Q293 Patrick Hall: I think that is
helpful but whatever happens do you not think it would be assisted,
whatever it does, that its advice is published?
Mr Wilson: Certainly, absolutely.
Q294 Patrick Hall: Not just its annual
report?
Mr Wilson: No, I am all for that.
Q295 Patrick Hall: Does anyone else
want to comment?
Mr Woods: I agree with William.
I think the remit of the Committee needs to be clarified. Lawyers
often talk when they are trying to come up with solutions about
`what is the mischief?'; ie what is the Committee designed to
do? Is it designed to cover climate change science or is it designed
to provide a check on what the Government is doing or is it a
hybridI do not think that is clear in the Bill at the moment.
On the international front, if I can draw the parallel again,
we have the IPCC, that is the Inter-Governmental Panel on Climate
Change, which produces assessment reports, and has just produced
a new one. It covers the science though also filtering in the
social impacts, adaptation et cetera.
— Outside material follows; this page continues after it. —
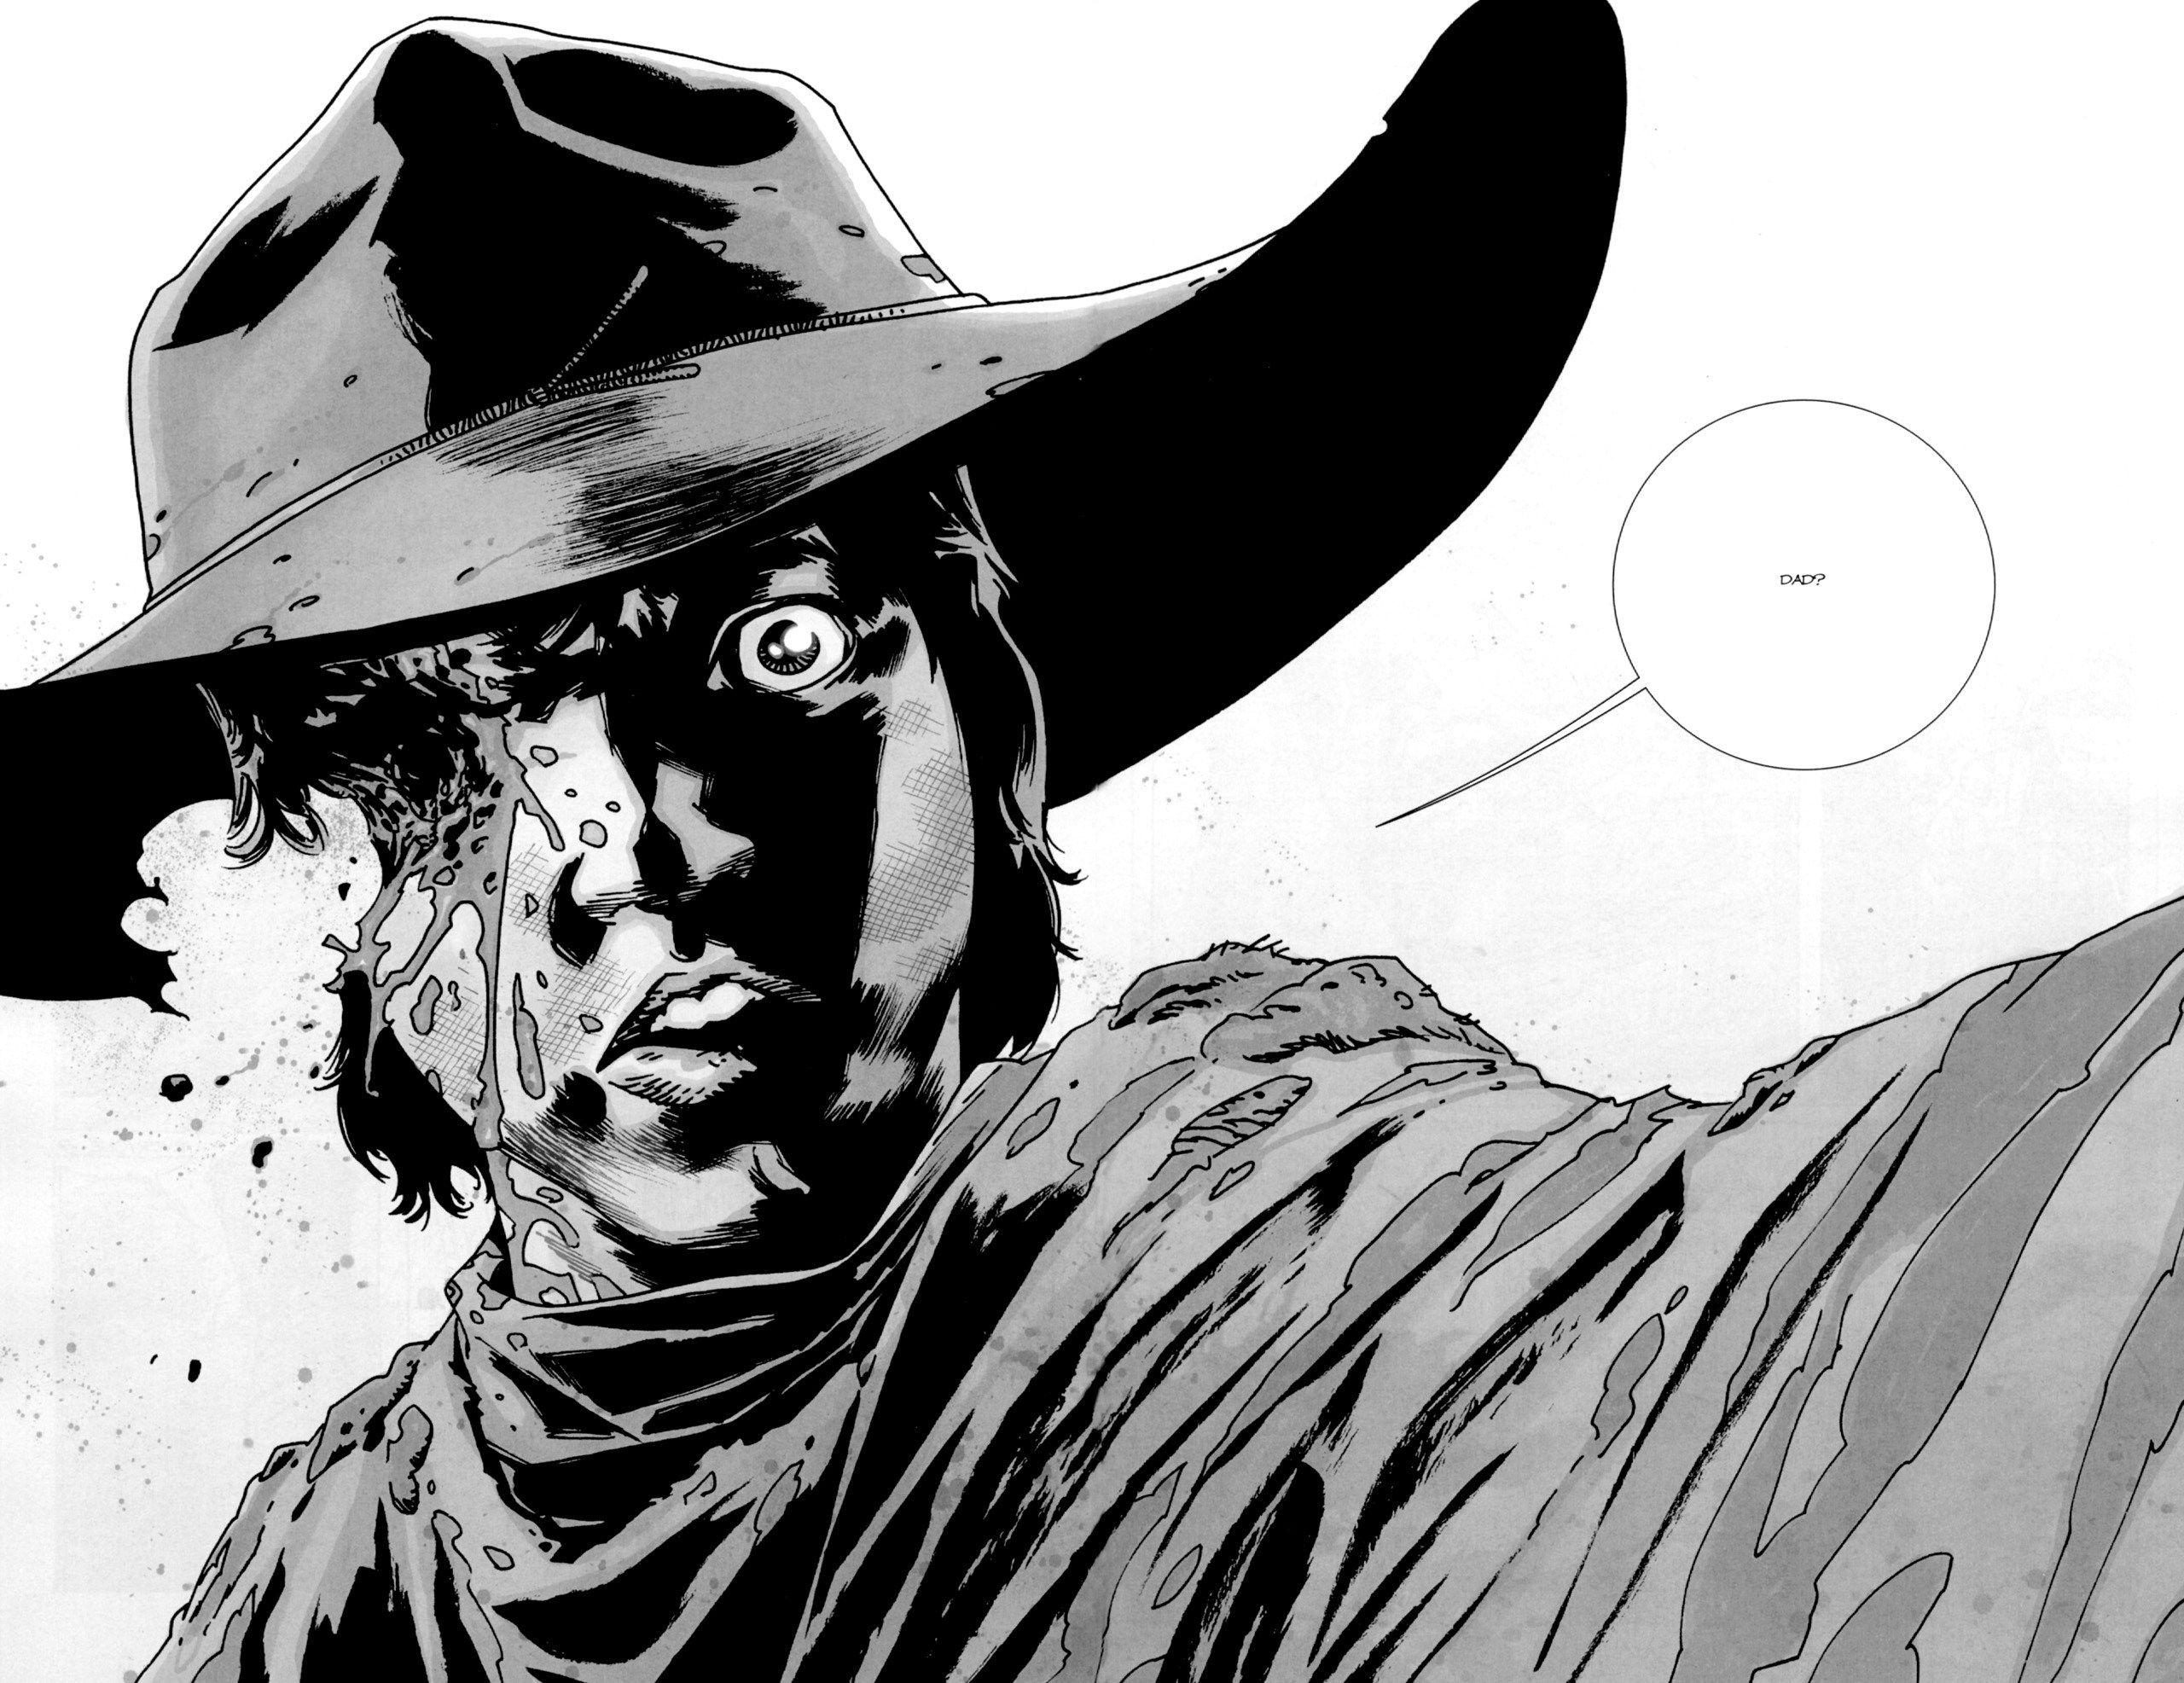 1707357 Hd Wallpaper The Walking Dead

It produces the figures
that then the States are supposed to act on under the Kyoto Protocol.
Perhaps that is a model that could be looked at. It is supposed
to be more independent, although obviously it is still politically
sensitive; that is one model. Another model is more like the Monetary
Policy Committee, something that is driving the policy decisions
rather than the scientific advice. As I say, I do not think it
is clear, as yet, what the Government wants the Committee to do
under the Bill.
Q296 Mrs Moon: I am just wondering,
if we went down the route that you are describing, where the Committee
gave the expert scientific advice and disregarded the social policy
implicationsand it is all in public, the scientific advicewhether
we are setting ourselves up for a tension, where a minister has
to take the social issues into consideration which may well have
quite severe implications when reaching a decision in the setting
of carbon budgets because the social policy issues may well be
very dramatic. Are we then in a situation where if a minister
ignores the advice of the Climate Change Committee that we could
have scope for a legal challenge of the Government if that advice
is not taken, and where does that leave us?
Mr Woods: One would be getting
closer to that but it depends on how strong the advice from the
Committee was and how unreasonable the minister was seen to be
in ignoring that advice. If the minister can show that he took
on board the advice, he took on board concerns about social impacts
and then decided on a certain route, although a challenge might
be raised, it should not be successful. The minister retains the
ultimate political discretion.
Q297 Mrs Moon: Who does he have to
show this to?
Mr Woods: Show? Sorry?
Q298 Mrs Moon: That he has taken
into consideration and has looked at the advice from the Climate
Change Committee but, because of the social policy implications,
he has decided to override the advice in setting the budget, who
is he going to have to demonstrate this to and how often? Are
we going to constantly have Government facing, potentially, a
legal challenge?
Mr Woods: It seems to be happening
quite a lot. Almost every year one is finding a new energy review
or Stern Report coming though I suppose that might be necessary.
I suppose scrutiny would be undertaken not only over the road
but also up the road at the High Court.
Q299 Mr Cox: So far we are not making
good progress, are we? We have a policy of suggesting a Judicial
Review, an appropriate legal sanction, that you have described
as impractical and essentially unenforceable or pointless. We
have a Committee, which is at the heart of the Bill which you
have described as ill-defined, and the Bill not making up its
mind as to precisely what it is. These are pretty core and fundamental
provisions of this Bill. Where are we left with in your original
analysis that this was a step forward? So far you have blown two
holes in it, big ones.
Mr Bainbridge: I guess the question
is how much the Bill is a fait accompli or a work in progress?